BEGIN AVAILABLE DATA

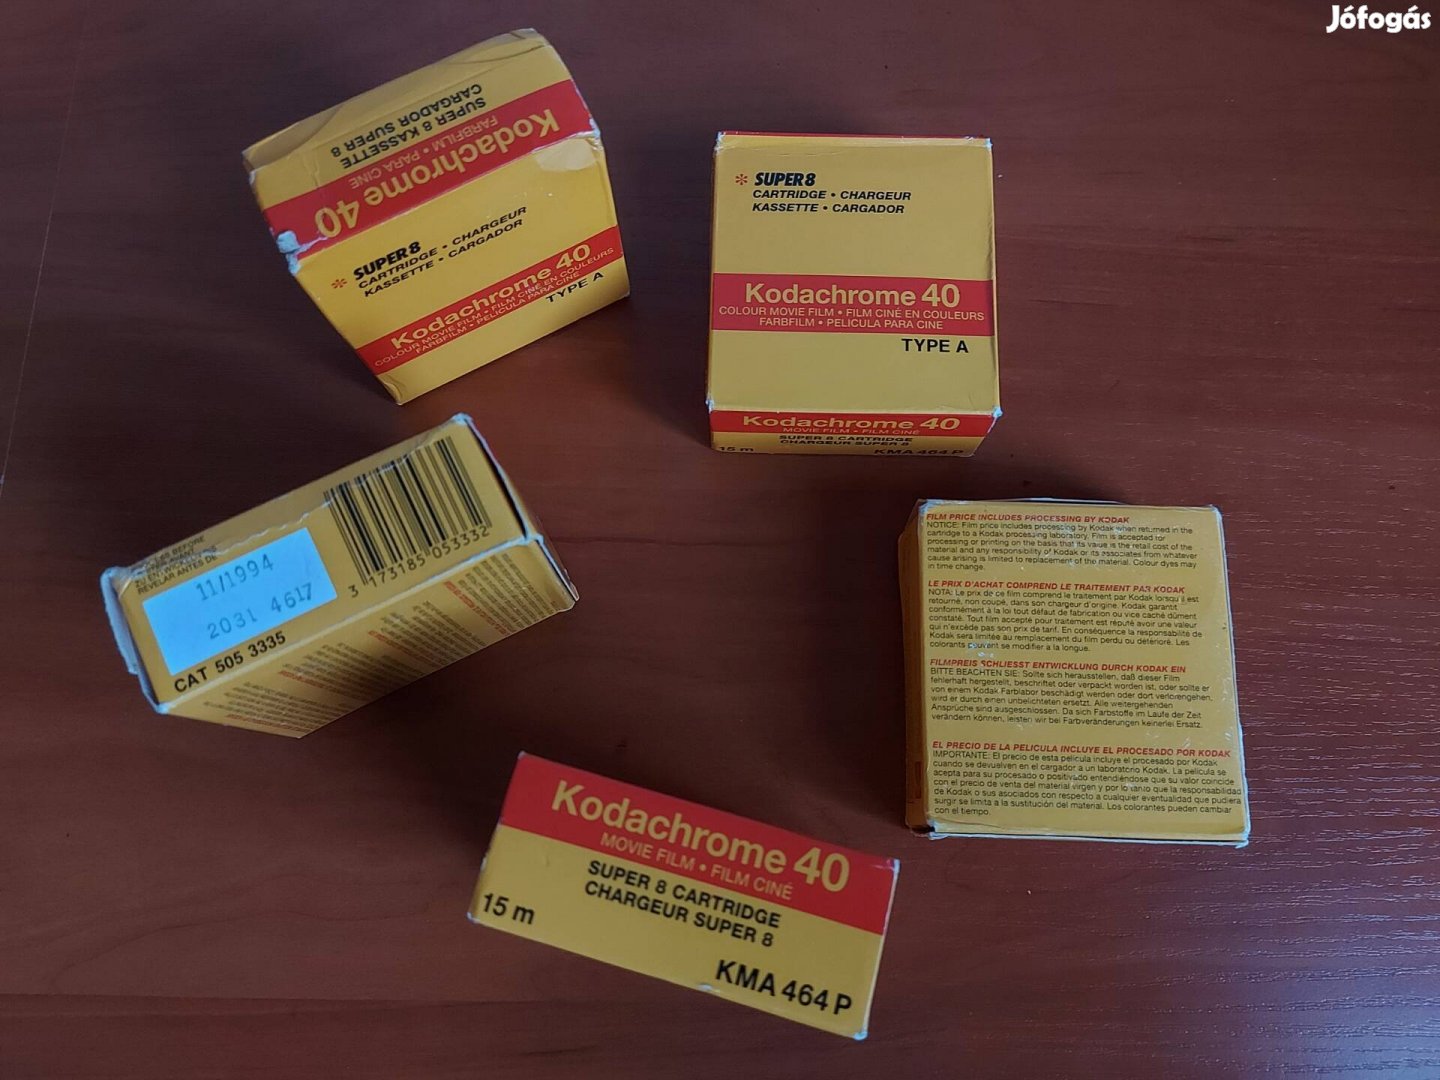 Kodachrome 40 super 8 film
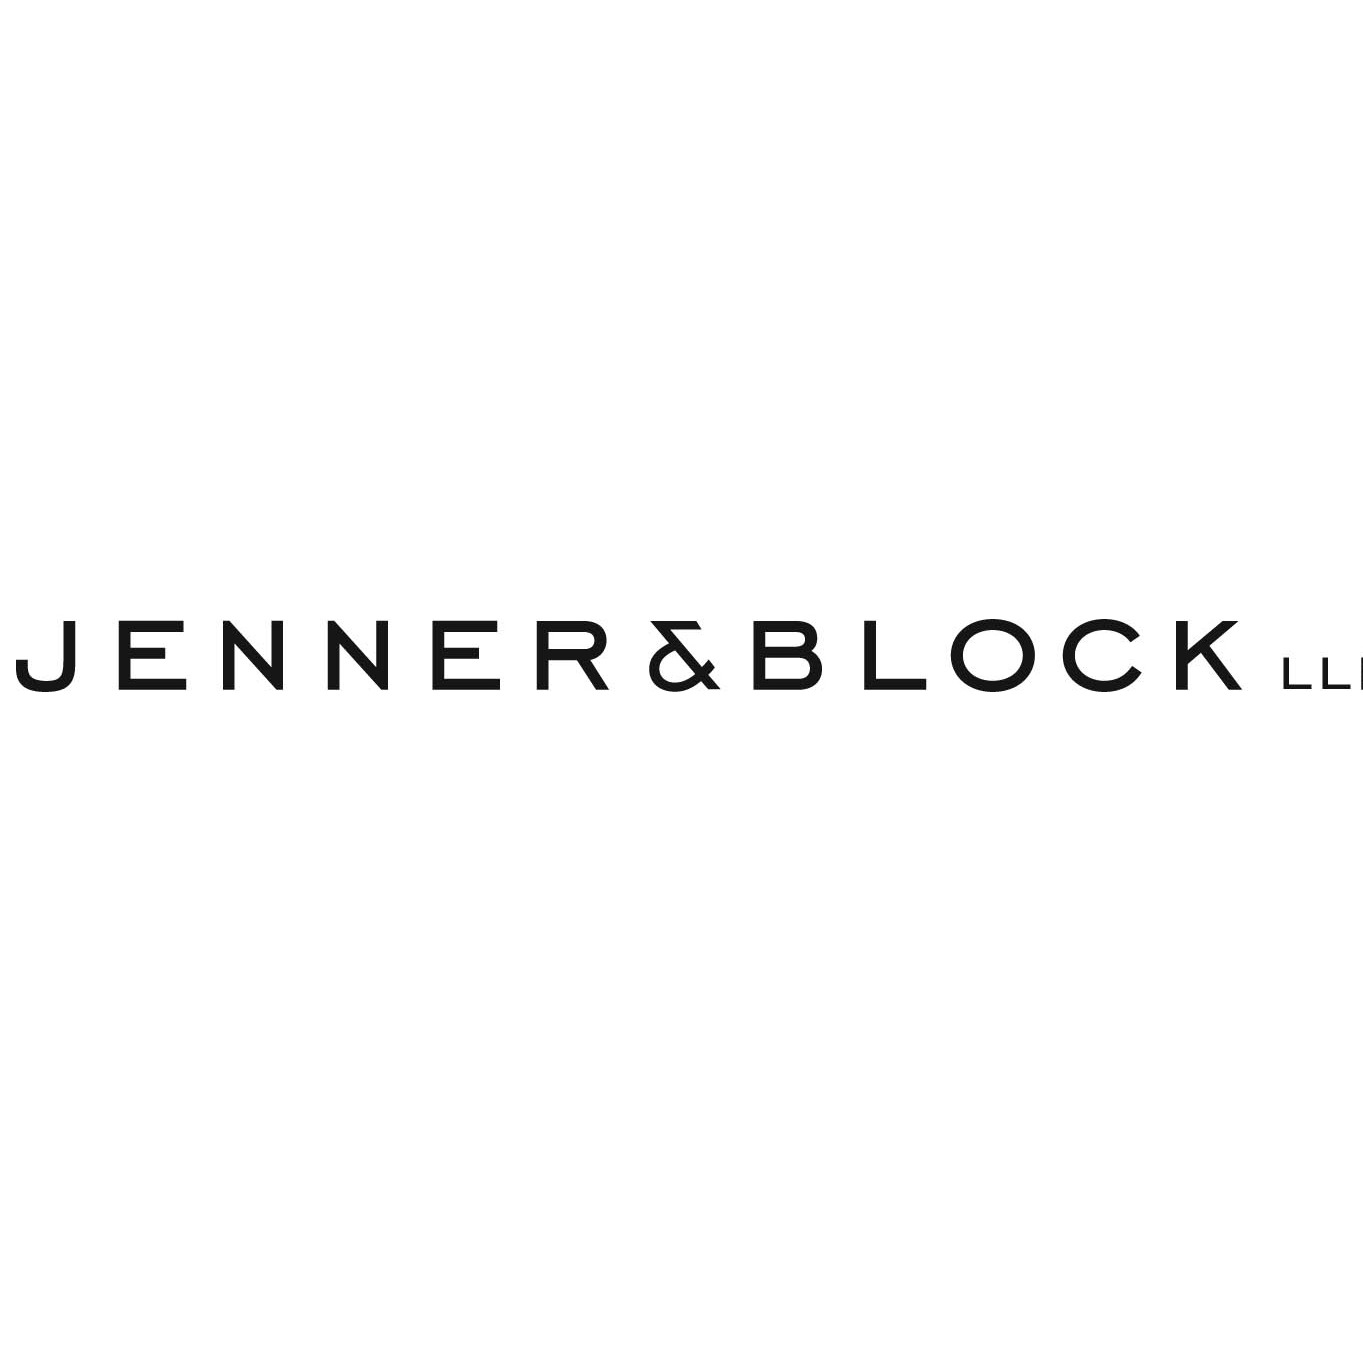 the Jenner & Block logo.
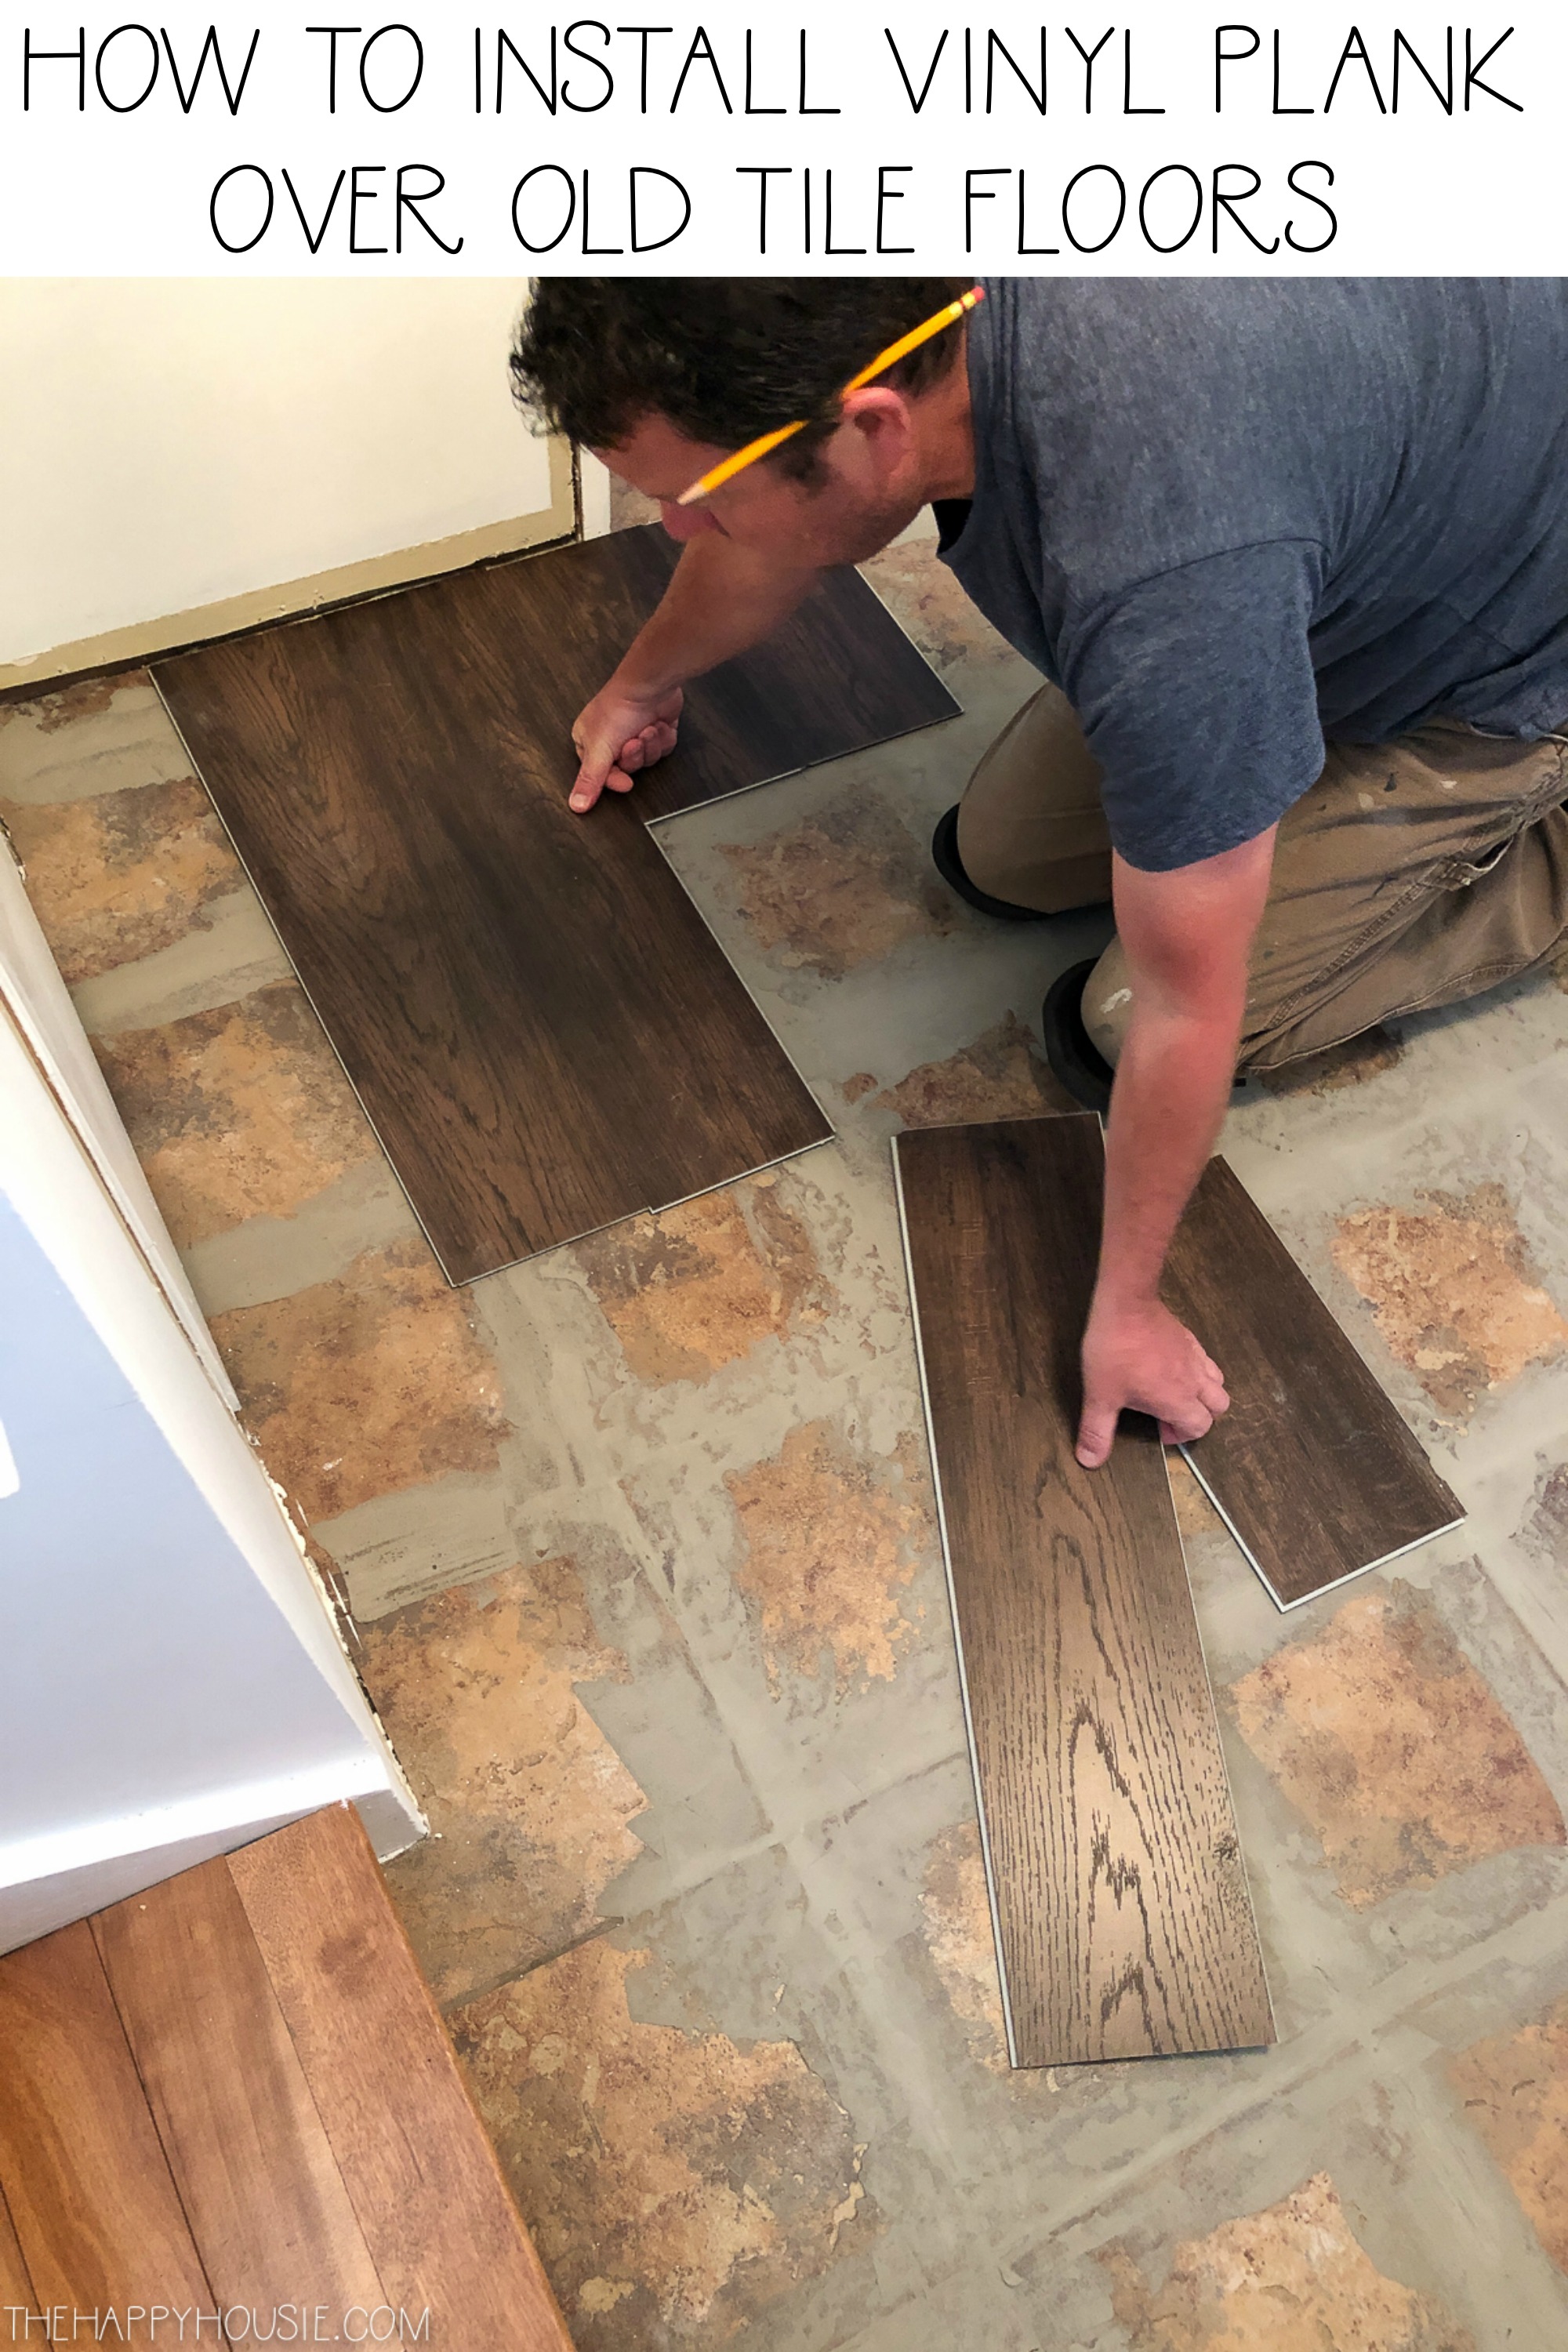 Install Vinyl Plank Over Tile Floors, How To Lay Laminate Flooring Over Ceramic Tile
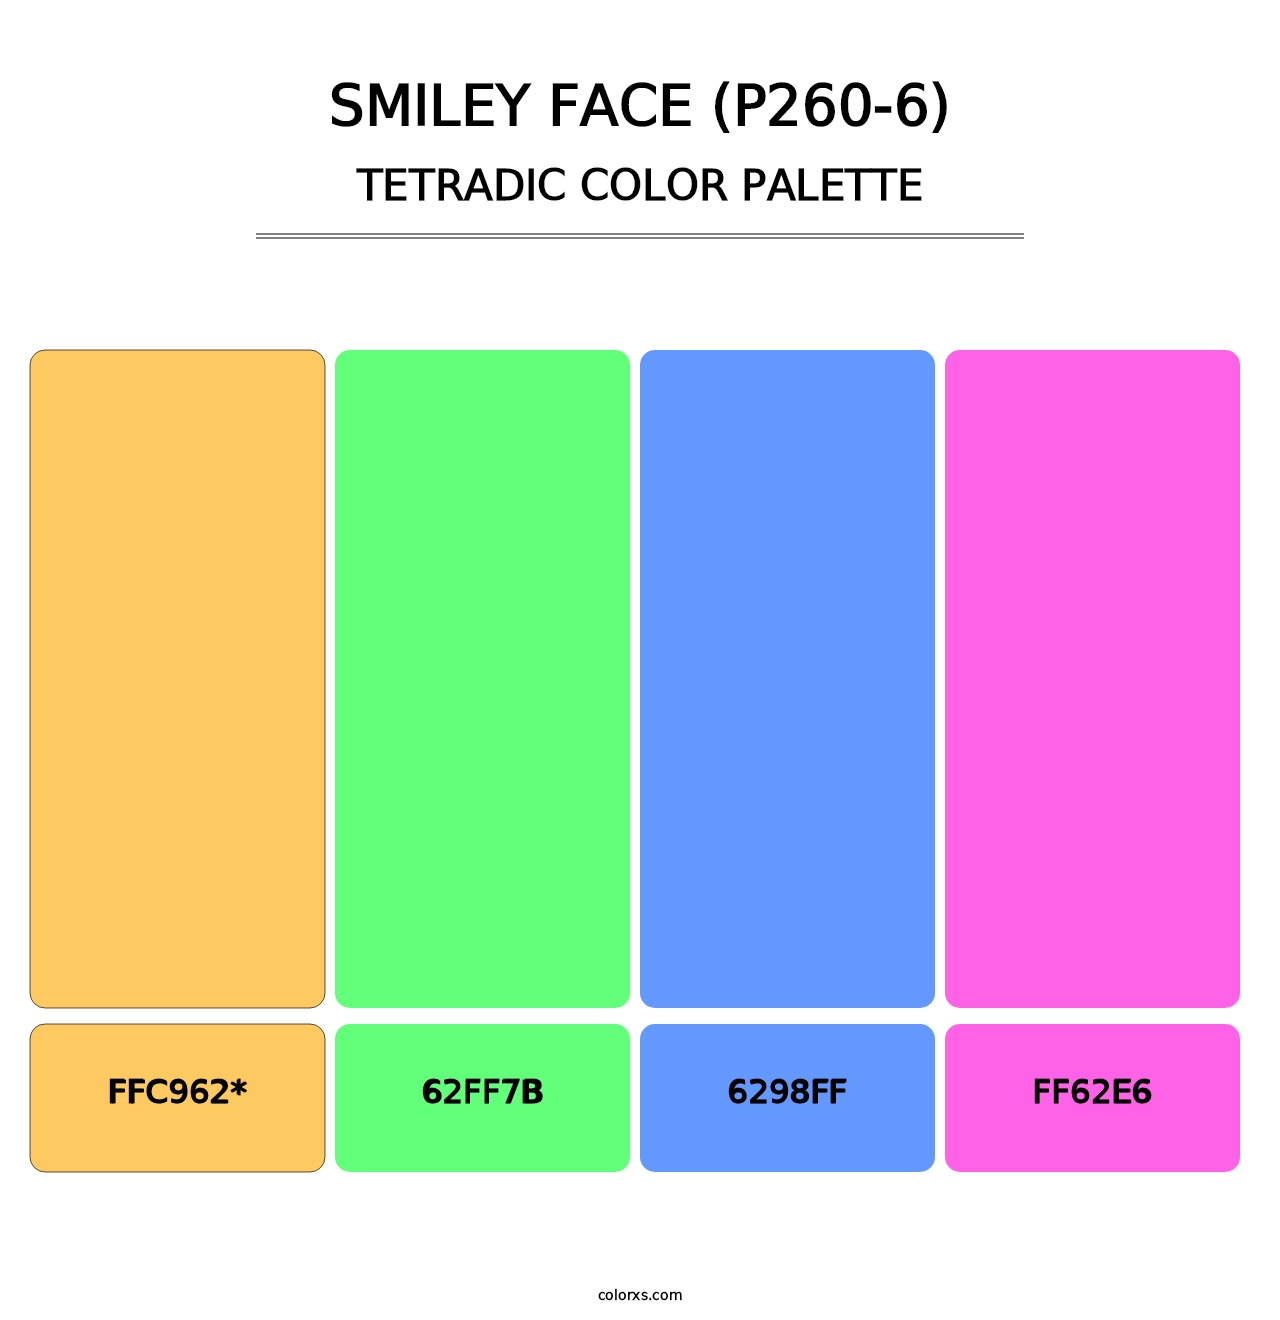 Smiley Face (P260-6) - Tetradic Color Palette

END AVAILABLE DATA

*INSTRUCTIONS FOR THE TASK*
Reproduce the lines above letter for letter. The pictures stay behind.

*SOLVED EXERCISE*
 Kodachrome 40 super 8 film
 the Jenner & Block logo.
 Install Vinyl Plank Over Tile Floors, How To Lay Laminate Flooring Over Ceramic Tile
 Smiley Face (P260-6) - Tetradic Color Palette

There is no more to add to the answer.